With low agricultural output, off-farm work is an essential complement to agricultural production in Zimbabwe’s communal areas. Working away has always been part and parcel of communal area livelihoods; indeed these were established as ‘labour reserves’ in the colonial era.

However, the patterns of labour migration have changed significantly over the past decades. Gone are the days of a stable job in town (or in the mines or farms), sending of regular remittances, and later retirement, with a cattle herd built up and enough land to subsist on. Following the retrenchments of the 1990s and the economic collapse of the 2000s, the wider economy is much less reliable. Jobs tend to be short-term and precarious, if they exist at all. Migration out of the country is an option, and has been taken by some, mostly to South Africa, but also to Botswana and the UK. Immigration restrictions and xenophobia are the risks migrants face in these longer migrations, even if the returns are better and more reliable.
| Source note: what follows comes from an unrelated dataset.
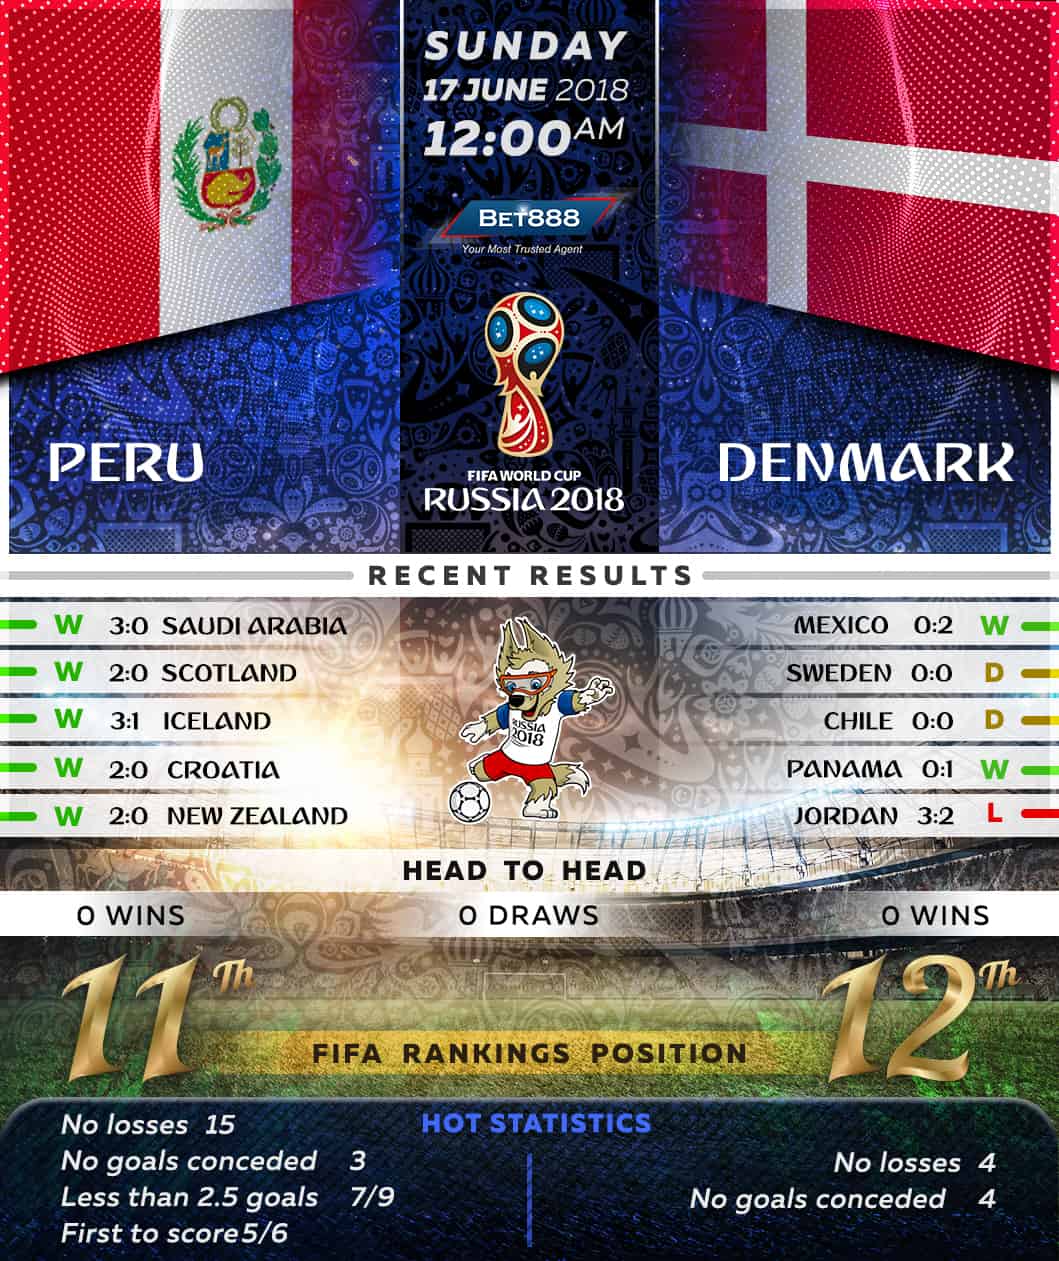 Peru vs Denmark 17/06/18

Across our sample, we see reliance on migrant labour and remittances highest in Mwenezi. This is where agriculture is most unreliable, despite the study period’s results, and traditions of cross-border migration to South Africa most established. The recent jobs sample households mentioned included: game tracker, game guard, Illala palm products/basket making, Hippo Valley worker, builder, carpenter, well digger and herbalist. Most of these jobs were local, and linked to the economy in the area, including the national parks and the sugar estates near Chirdezi. Working in the estates was a more common feature of the households in Chivi, who included cane cutters, estate workers, security guards, drivers and others. Tour guides in local conservancies were also noted. Building, as in all areas, was a common profession, usually for local contracted work on a self-employed basis. Storekeepers were common too in Chivi. By contrast to Mwenezi, which is quite remote, in Chivi there were more teachers, police, soldiers and other government workers mentioned. This reflects the more established educational systems in the area, and so access to jobs requiring qualifications. This was definitely the case in the two Gutu sites. In Gutu West there were a large number of teachers and those with government jobs, again reflecting the (mission) education in the area over a long period. There were also bus conductors, security guards and self-employed local builders. In Gutu North, the majority of off-farm work was of this type, with builders, guards, drivers and a variety of business people, including shopkeepers, noted.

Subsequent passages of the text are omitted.